At age 16, Gough moved back to India, joined the 8th Bengal Cavalry, and served through the Second Anglo-Sikh War. By the age of 25, he was a major in the 5th Bengal European Cavalry.

During the Indian Mutiny, Gough and his brother Hugh were members of the Guides Corps, where they took part in the Siege of Lucknow and Gough was awarded the Victoria Cross (VC) for deeds which included saving his brother. The award was announced on 21 October 1859, and the citation read:

5th Bengal European Cavalry, Major Charles John Stanley Gough

Date of Acts of Bravery, 15th and 18th August, 1857, and 27th January, and 23rd February, 1858

First, for gallantry in an affair at Khurkowdah, near Rhotuck, on the 15 August 1857, while serving with Hodson's Horse, in which he saved his brother, who was wounded, and killed two of the Enemy.

Secondly, for gallantry on 18 August, when he led a Troop of the Guide Cavalry in a charge, and cut down two of the Enemy's Sowars, with one of whom he had a desperate hand to hand combat.

Thirdly, for gallantly on 27 January 1858, at Shumshabad, where, in a charge, he attacked one of the Enemy's leaders and pierced him with his sword, which was carried out of his hand in the melee.
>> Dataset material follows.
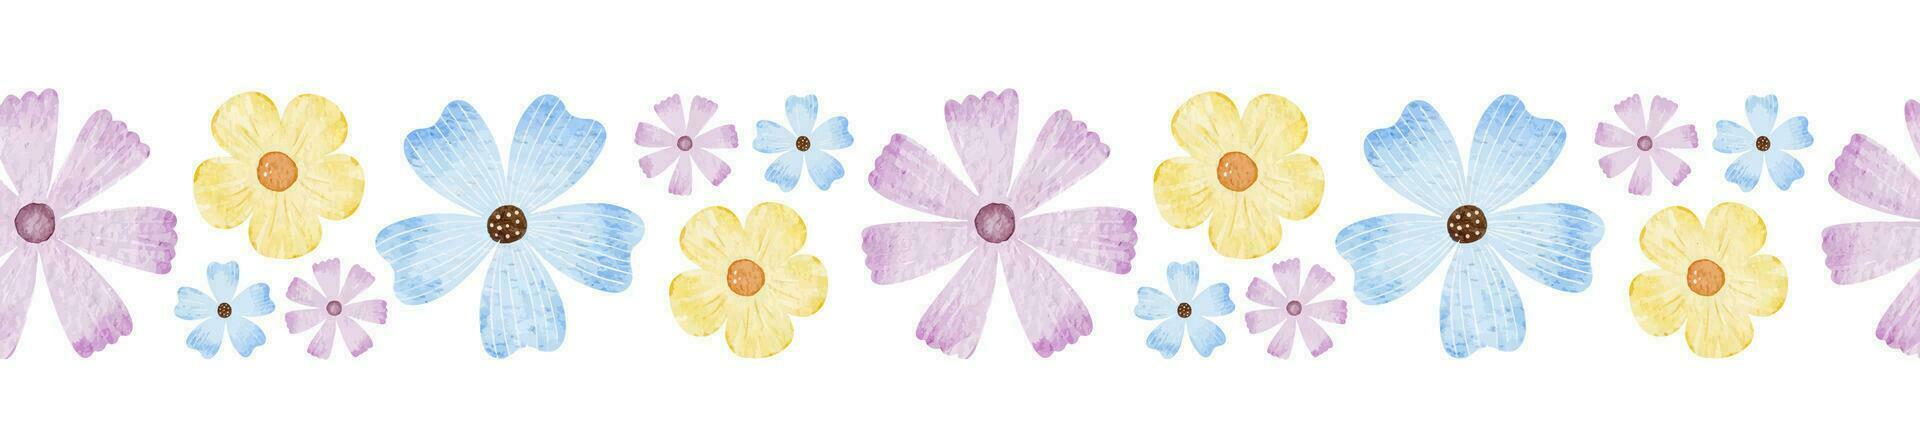 Blue, purple and yellow wildflowers. Seamless border of simple colors. Isolated watercolor illustration. For the design of postcards, packaging of goods, invitations, cards vector

He defended himself with his revolver, and shot two of the Enemy.

Fourthly, for gallantry on 23 February, at Meangunge, where he came to the assistance of Brevet-Major O. H. St. George Anson, and killed his opponent, immediately afterwards cutting down another of the Enemy in the same gallant manner.

After the Mutiny, Gough continued to serve as a cavalry officer with the Indian Army, and took part in the Bhutan War of 1864–5.

On the outbreak of the Second Anglo-Afghan War in November 1878, Gough was appointed a brigade commander in the Peshawar Valley Field Force, which invaded Afghanistan via the Khyber Pass. In December 1879 he led a column to relieve the Siege of the Sherpur Cantonment, his advance precipitating an Afghan assault on the Sherpur garrison, which failed before his arrival. To mark his service during the war, Gough was made a Knight Commander of the Order of the Bath (KCB) in 1881.

Gough then held a number of senior posts, including command of the Hyderabad contingent from 1881 to 1885, and the Allahabad division from 1886 to 1890.

In April 1894 Gough achieved the rank of general, and in 1895 was made a Knight Grand Cross of the Order of the Bath (GCB), retiring to Ireland the same year.

He died on 6 September 1912 aged 80 in Clonmel, County Tipperary in Ireland.

==Family==
He was the son of Judge George Gough and Charlotte Margaret Becher; brother of General Sir Hugh Gough and great-nephew of Field Marshal The 1st Viscount Gough.

On 16 June 1870 he married Harriette Anastasia de la Poer. They had six children, of whom only two, the future General Sir Hubert de la Poer Gough and Brigadier General Sir John Edmond Gough, survived to adulthood.

==Medals==
His medals, including the VC, are on display in the Lord Ashcroft Gallery at the Imperial War Museum, London.